- **SOURCE MATERIAL**
Start of Block

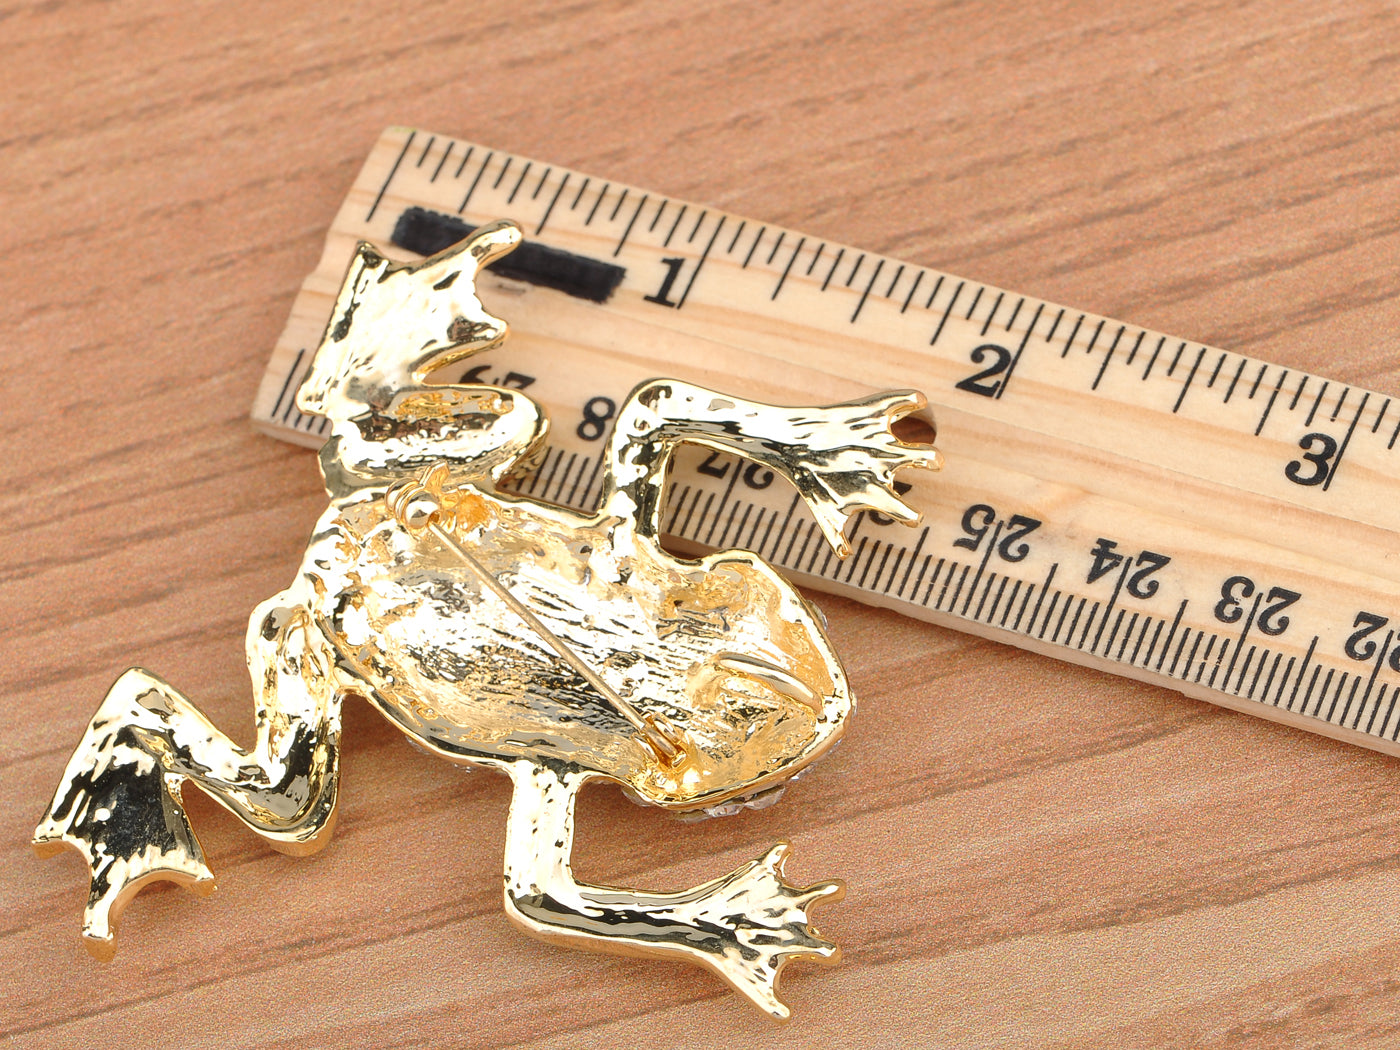 Adorable Frog Animal Jewelry Clothes Pin Brooch For Women
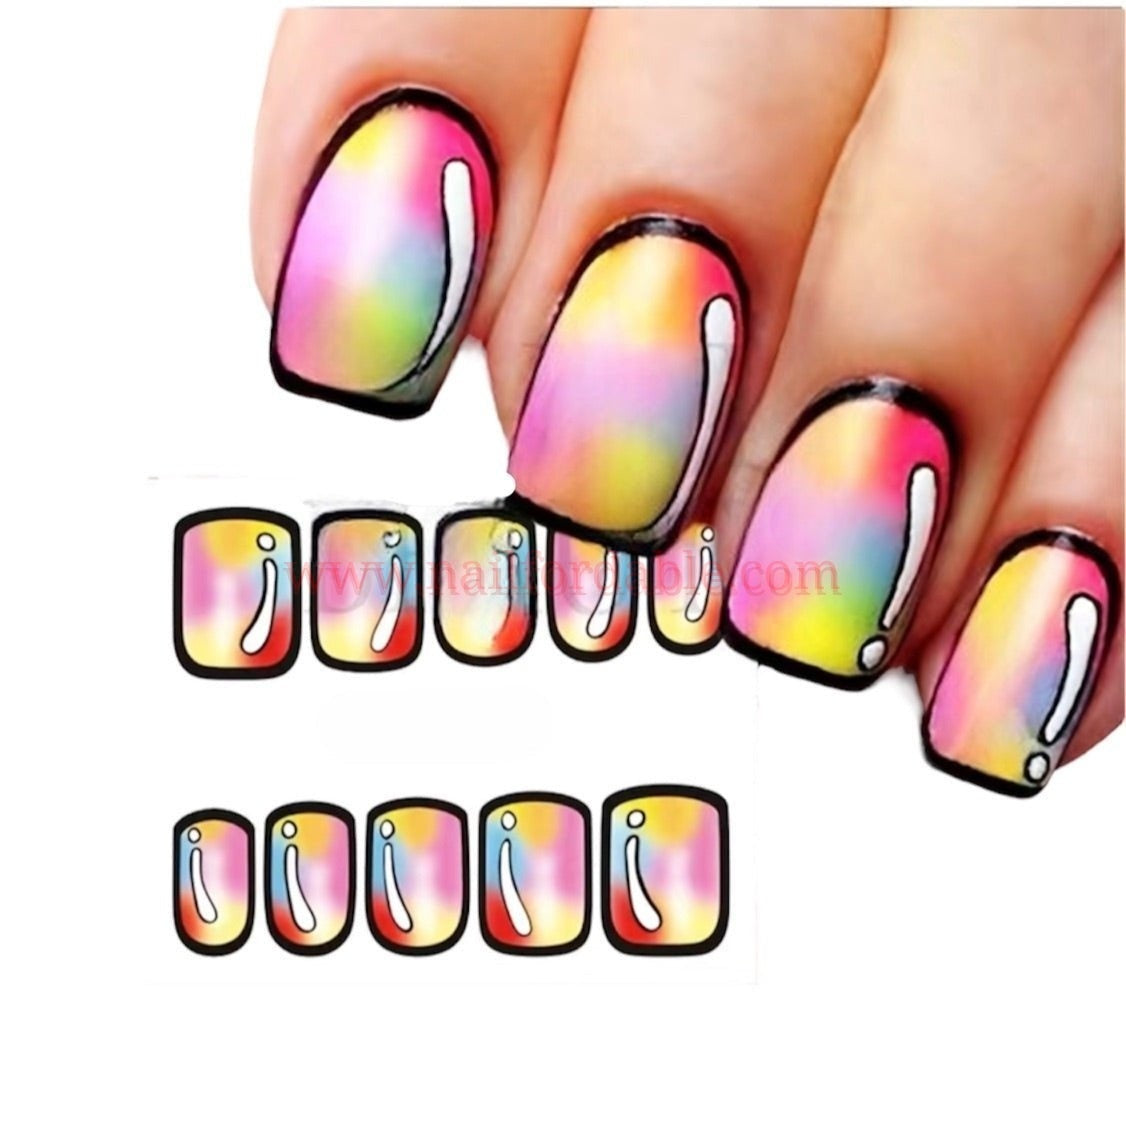 Exclamation water decal Nail Wraps | Semi Cured Gel Wraps | Gel Nail Wraps |Nail Polish | Nail Stickers
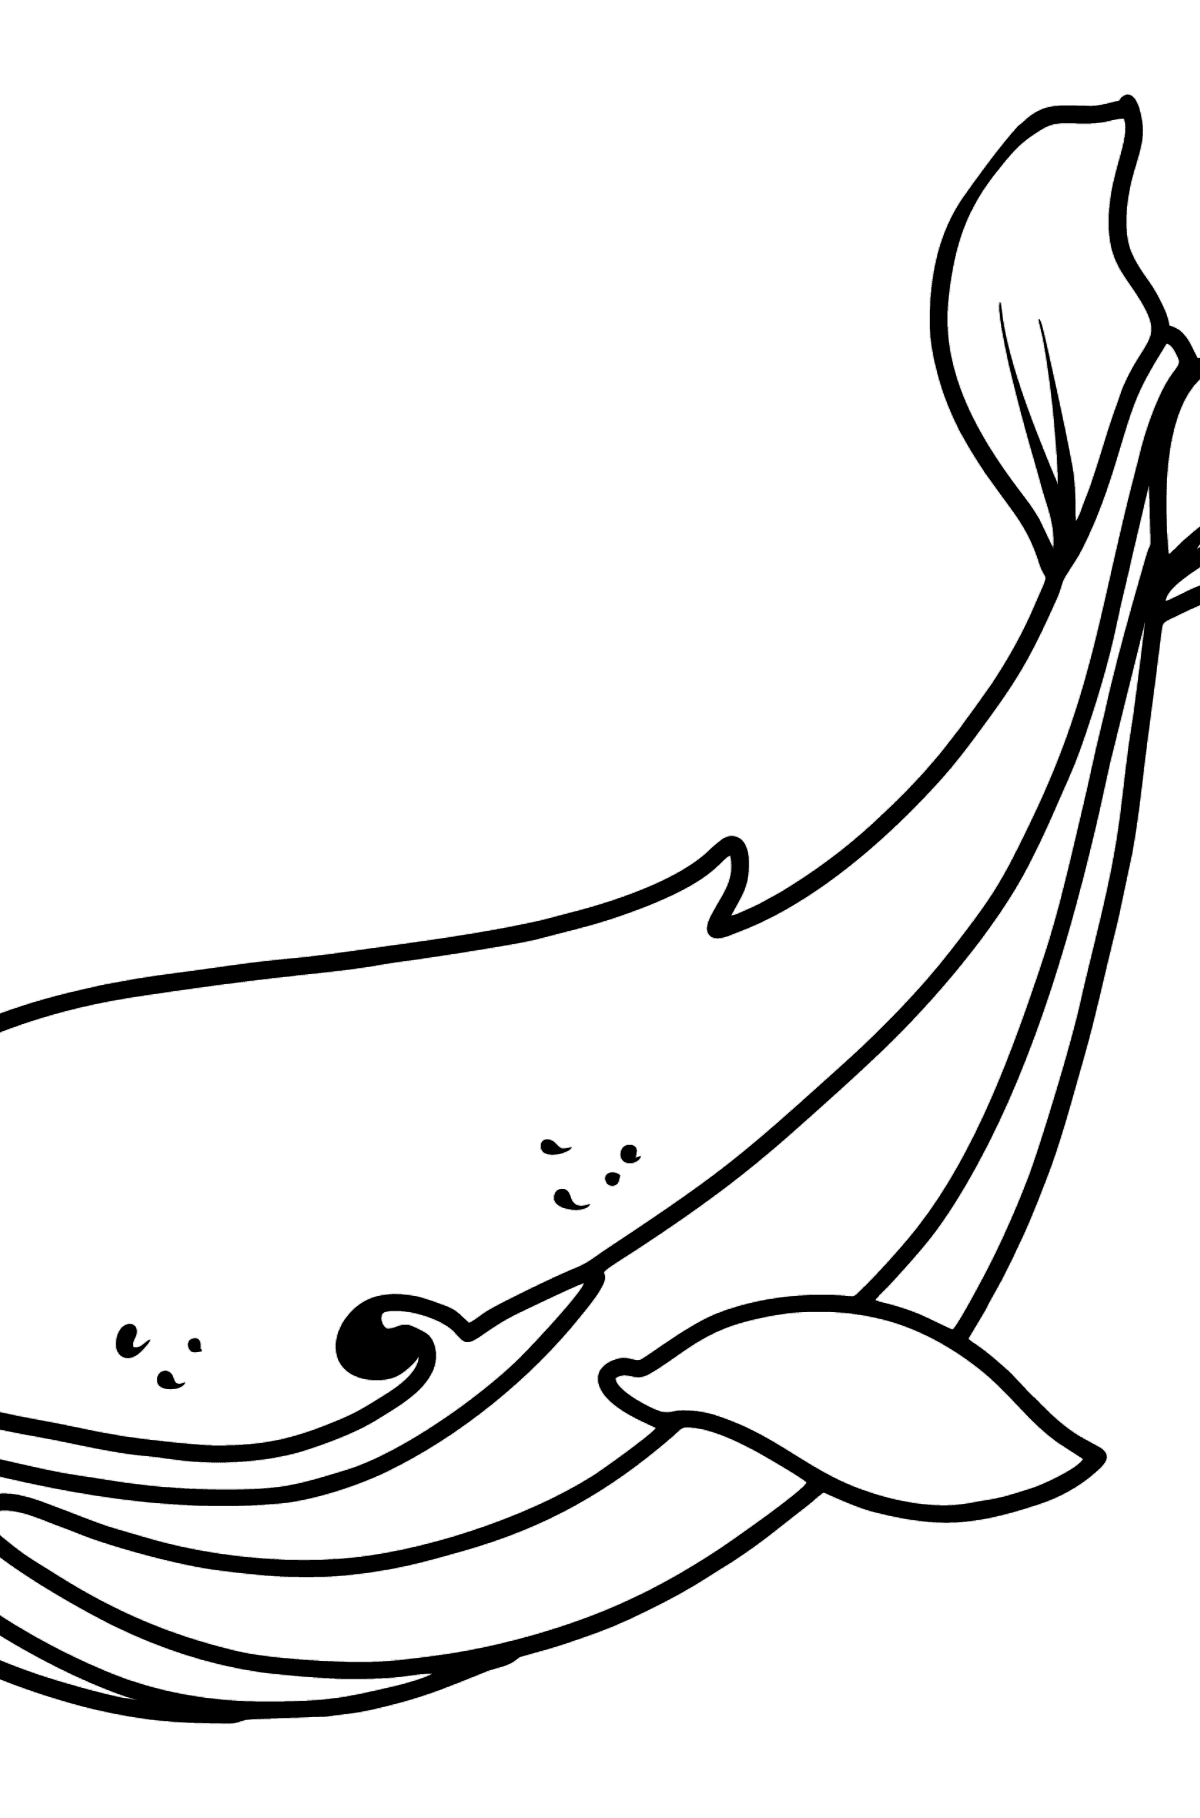 Cachalot coloring page - Coloring Pages for Kids

End of Block

- **TASK TO COMPLETE**
Through to the final line, copy the material above exactly and skip the images.

- **YOUR SOLUTION**
 Adorable Frog Animal Jewelry Clothes Pin Brooch For Women
 Exclamation water decal Nail Wraps | Semi Cured Gel Wraps | Gel Nail Wraps |Nail Polish | Nail Stickers
 Cachalot coloring page - Coloring Pages for Kids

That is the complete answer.